English teacher in focus
English Teacher: Alexandre Duarte
Teaches and translates: Portuguese, Spanish and English
Lives: São Paulo, Brazil
Loves: Basketball, live music, BBQ
“We went to Disney Land and never came back”
When São Paulo-born Alexandre Duarte was 10 years old he and his family went on a trip to southern California. “It was the 1980’s. Things were hard in Brazil,” he says. “Inflation was super high. My mum was a single mum with three kids. She had some friends that told her she would have better opportunities in the US so she decided to go. We went to Disney Land and never came back.”

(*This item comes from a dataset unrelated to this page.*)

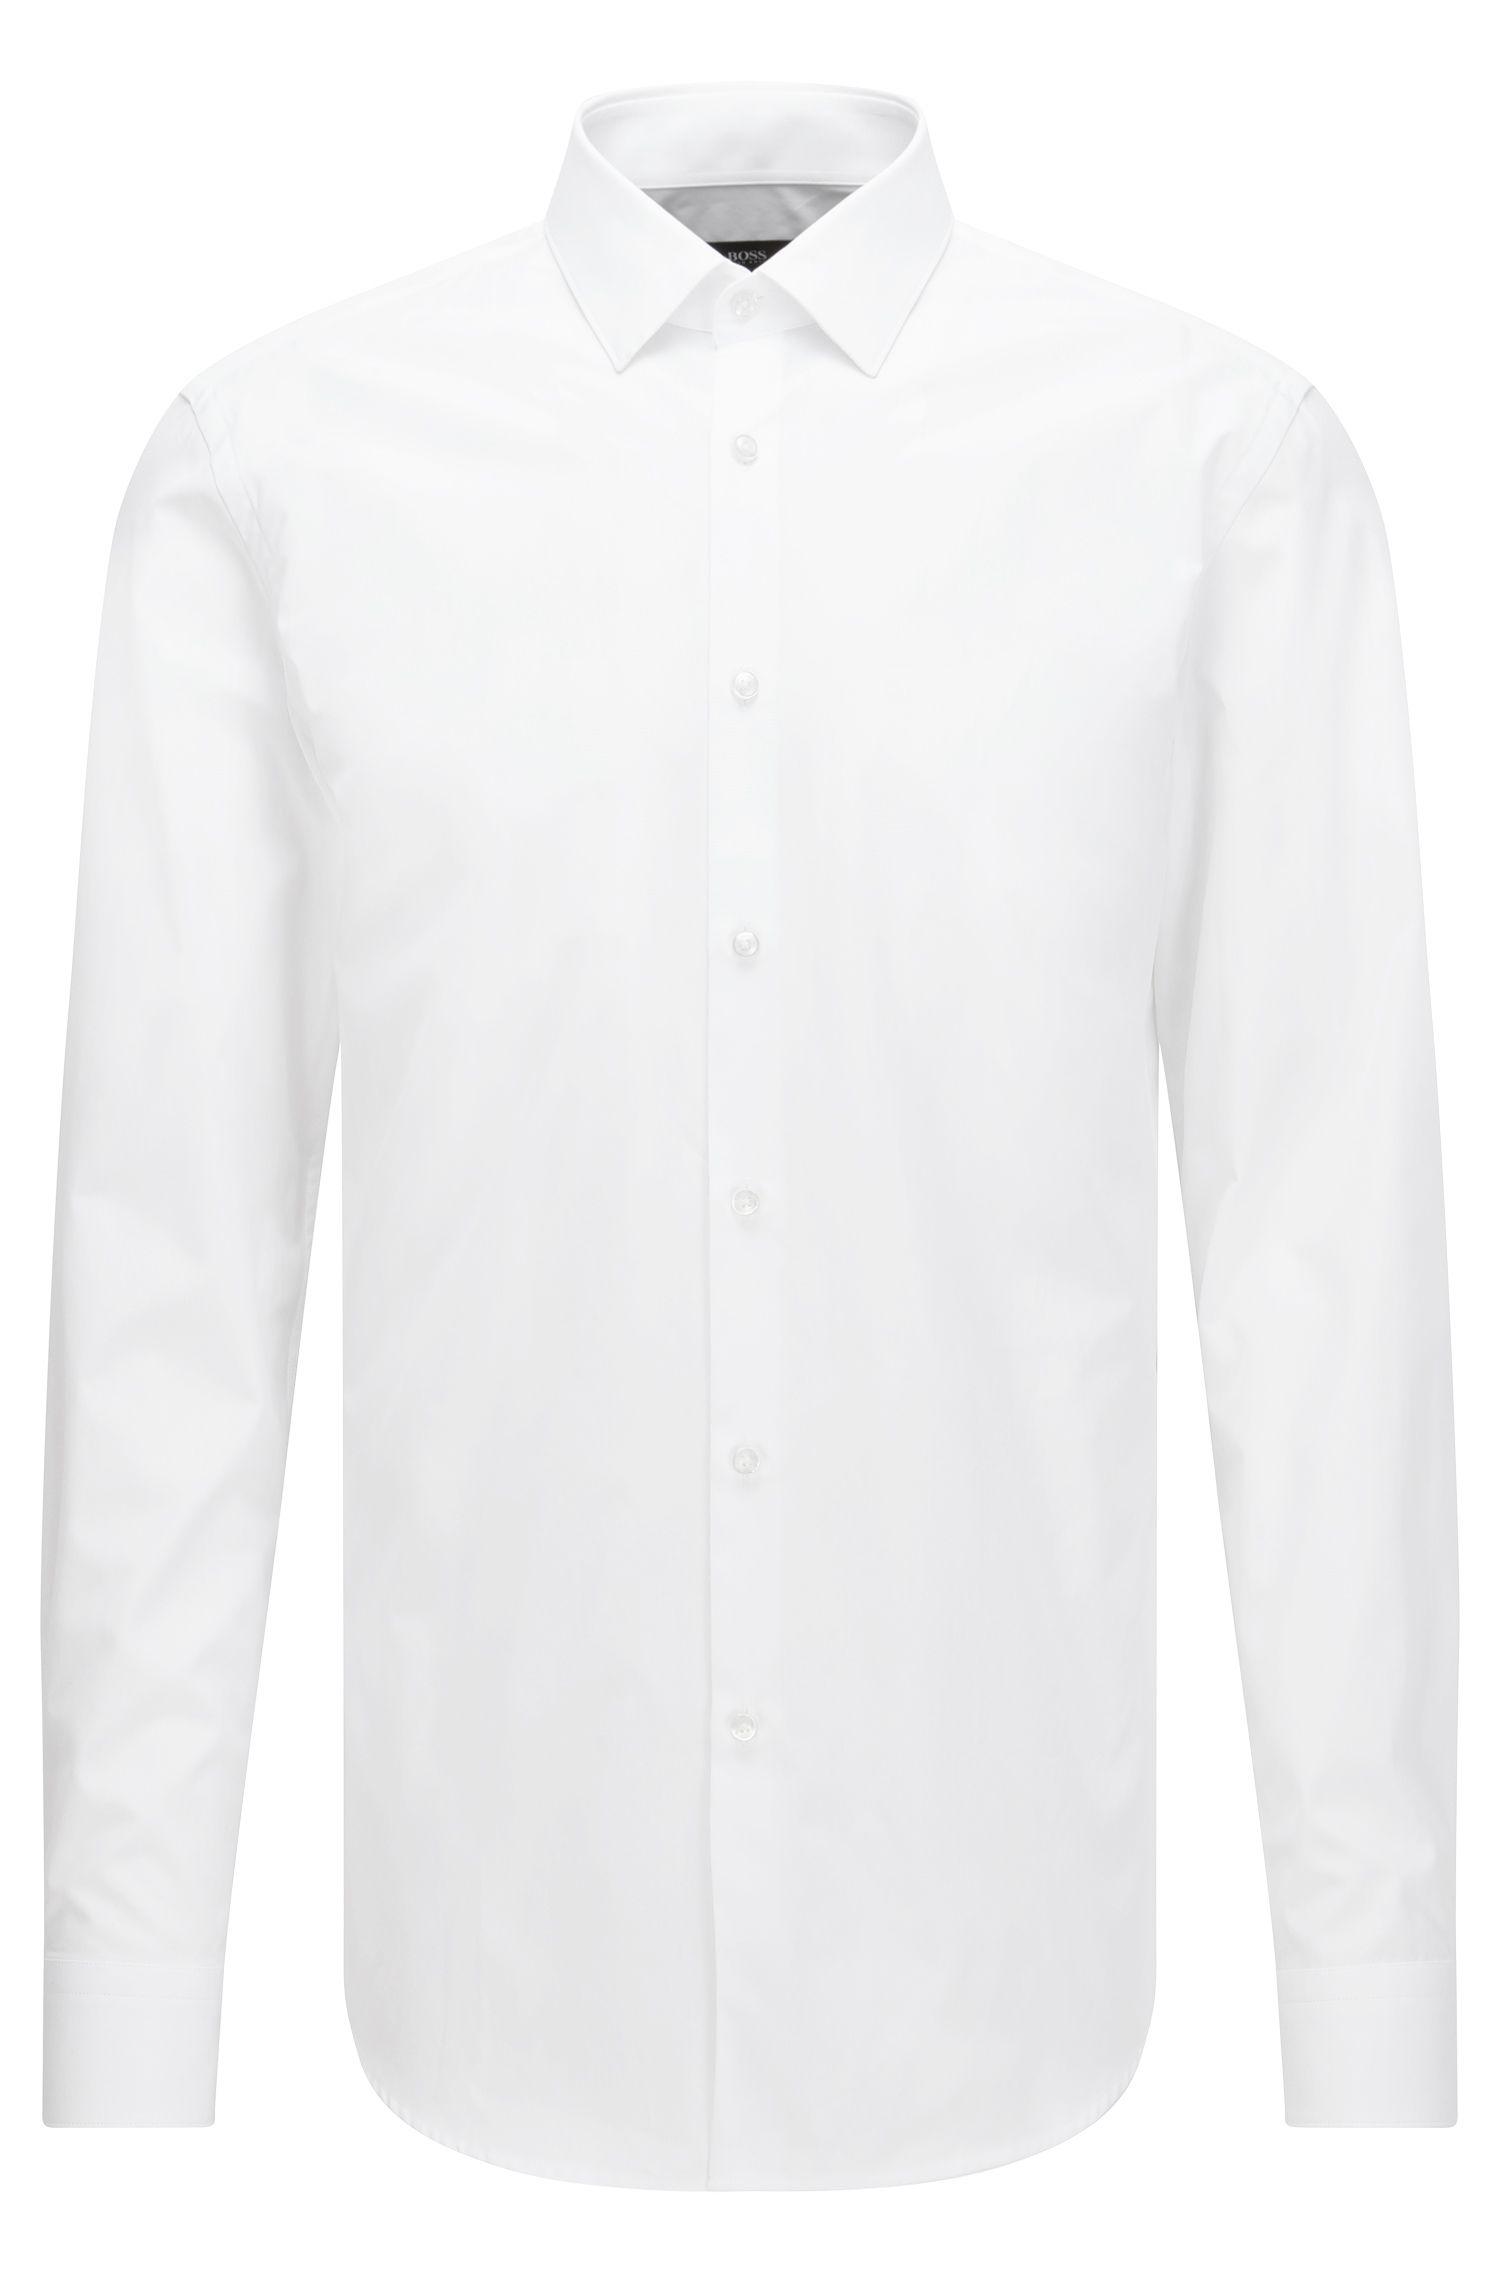 Two-Ply Cotton Dress Shirt, Slim Fit | Isko

“I didn’t know any English when I arrived. I started attending ESL classes.” He then went on to complete his junior high and high school education there. “There were Black, White, Latinos, Asians students. I hung out with the Latinos because I understood Spanish. In a month I was able to speak Spanish. It’s just speaking Portuguese the wrong way,’ he jokes. Later on Alexandre lived with his family in Boston, home to a large Brazilian community, and then, once he finished school, all over the US, via his work, “I’ve been to over 43 states. I heard all kinds of accents.”
World Cup
He didn’t return to live in Brazil until 2012. “It took a little adjustment, I’d never been an adult in São Paulo, my slang was from the 1980s, people looked at me like I had come out of a time machine.” It was back in the land of his birth that he began teaching, “I found out I can learn a lot from the students. I teach lawyers, doctors, dentists, psychologists.’ He says that he draws on experience working as a court interpreter in the US as well as his degree in simultaneous and consecutive translation. He’s worked at the World Cup and Olympics and now teaches groups and private individuals for Eszett.
He finds that as a native Portuguese speaker he is able to quickly diagnose common mistakes other Brazilians make when speaking English, “I can translate expressions literally,’ he says, “After five minutes, I can tell [if they need help with] prepositions, or have problems with ‘th’ pronunciation.” He always tries to introduce idioms to help his students feel more confident in the language.